As awareness of implicit bias and its effects has increased, so has interest in mitigating it. But that is much harder to do than scientists expected, as Greenwald told an audience in Seattle in February at the annual meeting of the American Association for the Advancement of Science. Greenwald, coauthor of an overview on implicit bias research in the 2020 Annual Review of Psychology, spoke with Knowable Magazine about what does and doesn’t work to counter the disparities that implicit bias can produce.
This conversation has been edited for length and clarity.
How do you test for associations that people aren’t aware they have?
The first implicit association test I created was one involving the names of flowers and insects, and words meaning things pleasant or unpleasant. You had to use left and right hands to classify them, tapping on a keyboard as they appeared on the screen. It was a very easy task when you had to use the right hand for both pleasant words and flower names, and the left hand for unpleasant words and insect names, because we typically think of flowers as pleasant and insects as unpleasant.
But then the task is switched to force the opposite associations — one hand for insect names and pleasant words, and the other hand for flower names and unpleasant words. When I first tried that reversed form, my response time was about a third of a second slower compared to the first version. And in psychological work where you’re asking people to respond rapidly, a third of a second is like an eternity, indicating that some mental processes are going on in this version of the test that are not going on in the other.
Then I replaced the flowers and insects with first names of men and women that are easily classified as European American or African American. For me, giving the same response to pleasant words and African American names took an eternity. But when it was the European American names and pleasant words with one hand, and the African American names and the unpleasant words with the other hand, that was something I could zip through. And that was a surprise to me. I would have described myself at that point as someone who is lacking in biases or prejudices of a racial nature. I probably had some biases that I would confess to, but I actually didn’t think I had that one.
How widespread is implicit bias?
That particular implicit bias, the one involving black-white race, shows up in about 70 percent to 75 percent of all Americans who try the test. It shows up more strongly in white Americans and Asian Americans than in mixed-race or African Americans. African Americans, you’d think, might show just the reverse effect — that it would be easy for them to put African American together with pleasant and white American together with unpleasant.

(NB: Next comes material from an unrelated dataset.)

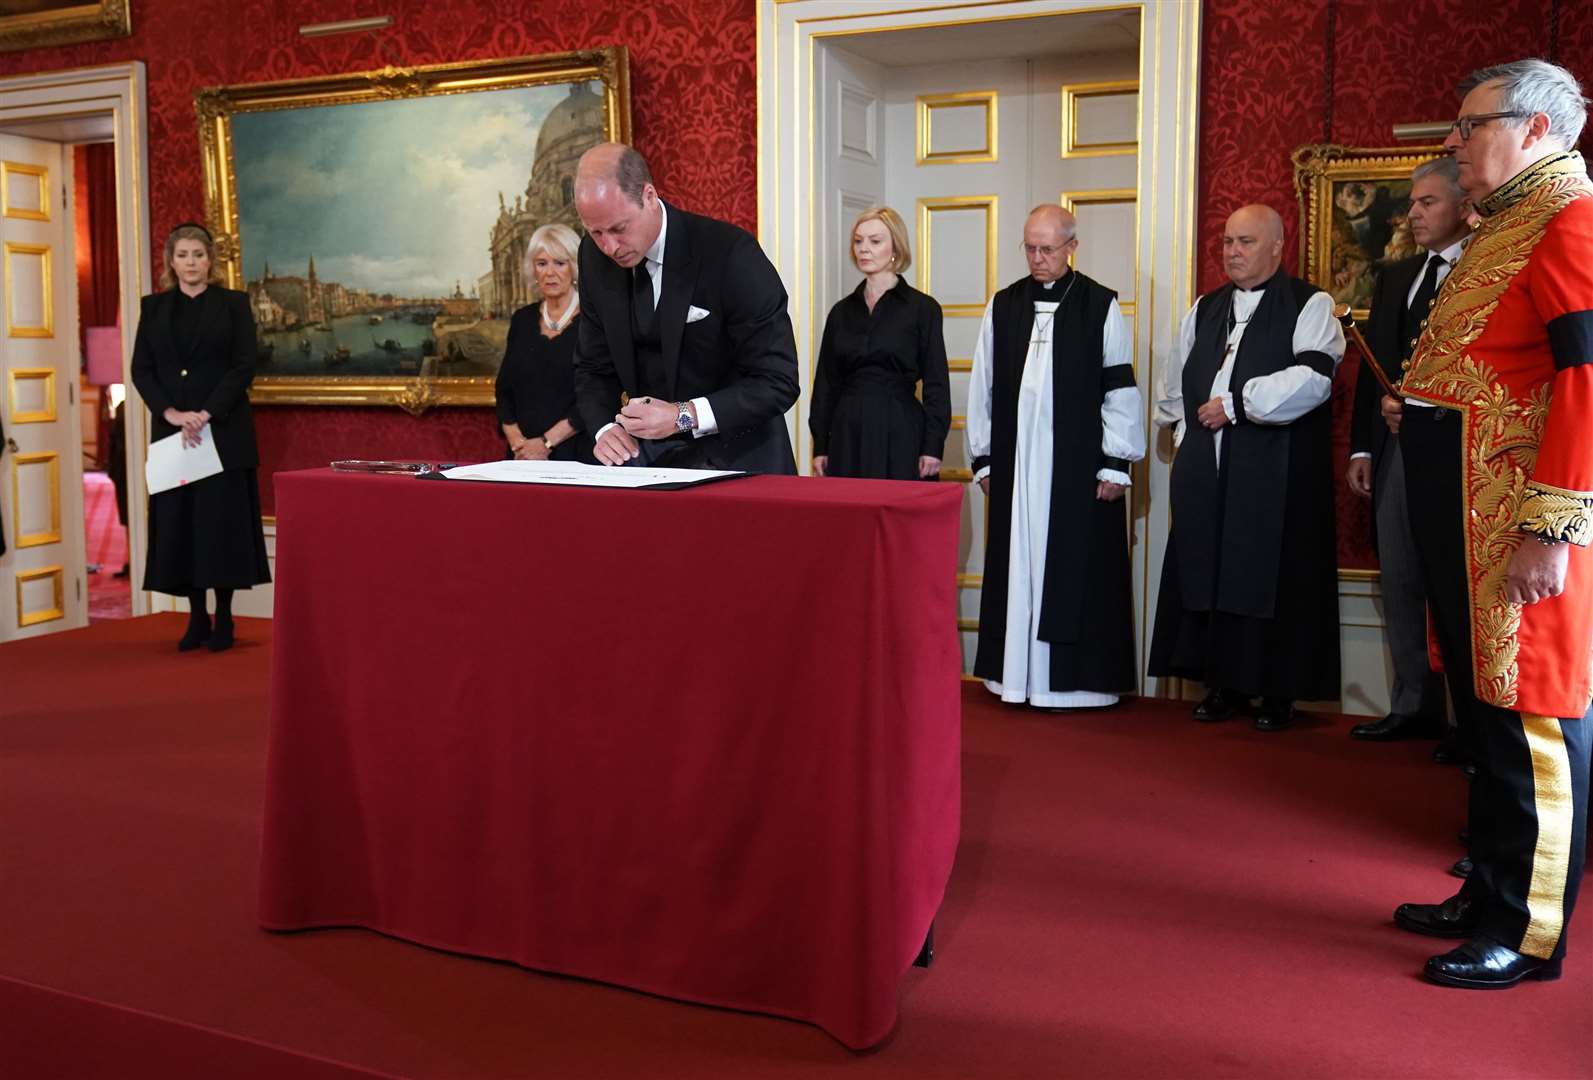 Earl Marshal, Edward Fitzalan-Howard, the Duke of Norfolk, on the right, watches as the Prince of Wales signs the Proclamation of Accession of King Charles III (Kirsty O’Connor/PA)

But no, African Americans show, on average, neither direction of bias on that task.
Most people have multiple implicit biases they aren’t aware of. It is much more widespread than is generally assumed.
Is implicit bias a factor in the pattern of police violence such as that seen in the killing of George Floyd on May 25, which sparked the ongoing protests across the country?
The problems surfacing in the wake of George Floyd’s death include all forms of bias, ranging from implicit bias to structural bias built into the operation of police departments, courts and governments, to explicit, intended bias, to hate crime.
The best theory of how implicit bias works is that it shapes conscious thought, which in turn guides judgments and decisions. The ABC News correspondent Pierre Thomas expressed this very well recently by saying, “Black people feel like they are being treated as suspects first and citizens second.” When a black person does something that is open to alternative interpretations, like reaching into a pocket or a car’s glove compartment, many people — not just police officers — may think first that it’s possibly dangerous. But that wouldn’t happen in viewing a white person do exactly the same action. The implications of conscious judgment being shaped in this way by an automatic, implicit process of which the perceiver is unaware can assume great importance in outcomes of interactions with police.
Do the diversity or implicit bias training programs used by companies and institutions like Starbucks and the Oakland Police Department help reduce bias?
I’m at the moment very skeptical about most of what’s offered under the label of implicit bias training, because the methods being used have not been tested scientifically to indicate that they are effective. And they’re using it without trying to assess whether the training they do is achieving the desired results.
I see most implicit bias training as window dressing that looks good both internally to an organization and externally, as if you’re concerned and trying to do something. But it can be deployed without actually achieving anything, which makes it in fact counterproductive. After 10 years of doing this stuff and nobody reporting data, I think the logical conclusion is that if it was working, we would have heard about it.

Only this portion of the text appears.